在讨论hashCode之前，我先提出几个问题，后面我会一一解答

什么是hashCode?
hashCode有什么用？
为什么会发生哈希冲突，可以避免吗？
为什么重写equals()方法一定要重写hashCode()方法？
hashCode在Java中是如何生成的？

在讨论上述问题之前，我们先看看java里面是如何对hashCode定义的，下面我摘抄一段java8 Object对hashCode()的一段注释

    /**
     * Returns a hash code value for the object. This method is
     * supported for the benefit of hash tables such as those provided by
     * {@link java.util.HashMap}.
     * <p>
     * The general contract of {@code hashCode} is:
     * <ul>
     * <li>Whenever it is invoked on the same object more than once during
     *     an execution of a Java application, the {@code hashCode} method
     *     must consistently return the same integer, provided no information
     *     used in {@code equals} comparisons on the object is modified.
     *     This integer need not remain consistent from one execution of an
     *     application to another execution of the same application.
     * <li>If two objects are equal according to the {@code equals(Object)}
     *     method, then calling the {@code hashCode} method on each of
     *     the two objects must produce the same integer result.
     * <li>It is <em>not</em> required that if two objects are unequal
     *     according to the {@link java.lang.Object#equals(java.lang.Object)}
     *     method, then calling the {@code hashCode} method on each of the
     *     two objects must produce distinct integer results.  However, the
     *     programmer should be aware that producing distinct integer results
     *     for unequal objects may improve the performance of hash tables.
     * </ul>
     */

我把他的意思大致归纳于以下几点

每个对象都能返回一个hashCode，hashCode是用来加速哈希表的
在同一java应用程序执行期间，对同一个对象调用超过一次时，如果equals()比较的内容没有发生变化，hashCode()的返回应该也不应该发生变化。
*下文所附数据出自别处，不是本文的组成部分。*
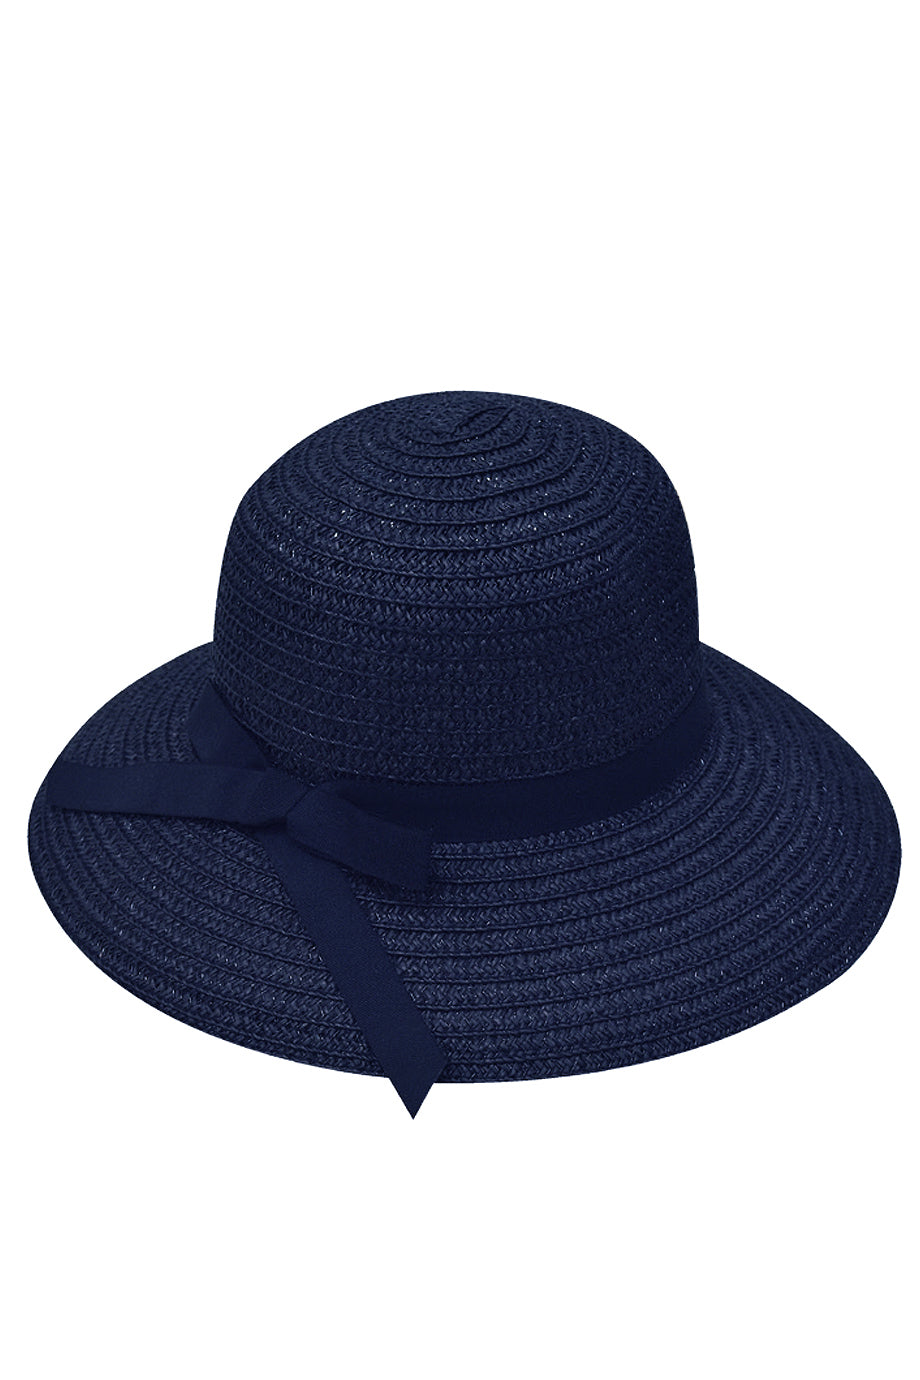 Flavia Μπλε Ψάθινο Καπέλο

（特别需要注意的是同一java程序，不同java程序可以允许hashCode发生变化）
根据equals()方法，两个对象相等，那么hashCode也必须要相等
根据equals()方法，两个对象不相等，那么hashCode可能相等，但是要尽可能的让他们不相等，这样可以提升哈希表的性能

什么是hashCode?

hashCode是用来加速哈希表的，在同一个java应用程序中，hashCode是对java对象的一个签名，相等的对象hashCode一定相等。

hashCode有什么用？

上面也已经提到了，是用来加速哈希表的，采取了空间换时间的方式。

这一篇博客不是说哈希表的，因此这里不做展开

大致思路是先通过hashcode去哈希表里面找到对应的哈希桶，然后调用equals()方法去判断哈希桶里面挂载的元素有没有相等的。

为什么相等的元素会出现在同一个哈希桶里面？

前文已经说过了，相等的对象hashcode一定相等，hashcode相等的，对象却不一定相等，因此需要再调用equals()方法做判断

为什么会发生哈希冲突，可以避免吗？

先来看一下java里面hashCode的方法签名

public native int hashCode();

可以看到hashCode本质上面来说是一个int，int的表示的数据范围是有限的，而对象是无限的，把一个无限的集合压缩进一个有限的集合中，发生哈希冲突就成了一个必然事件，哈希冲突是无法避免的。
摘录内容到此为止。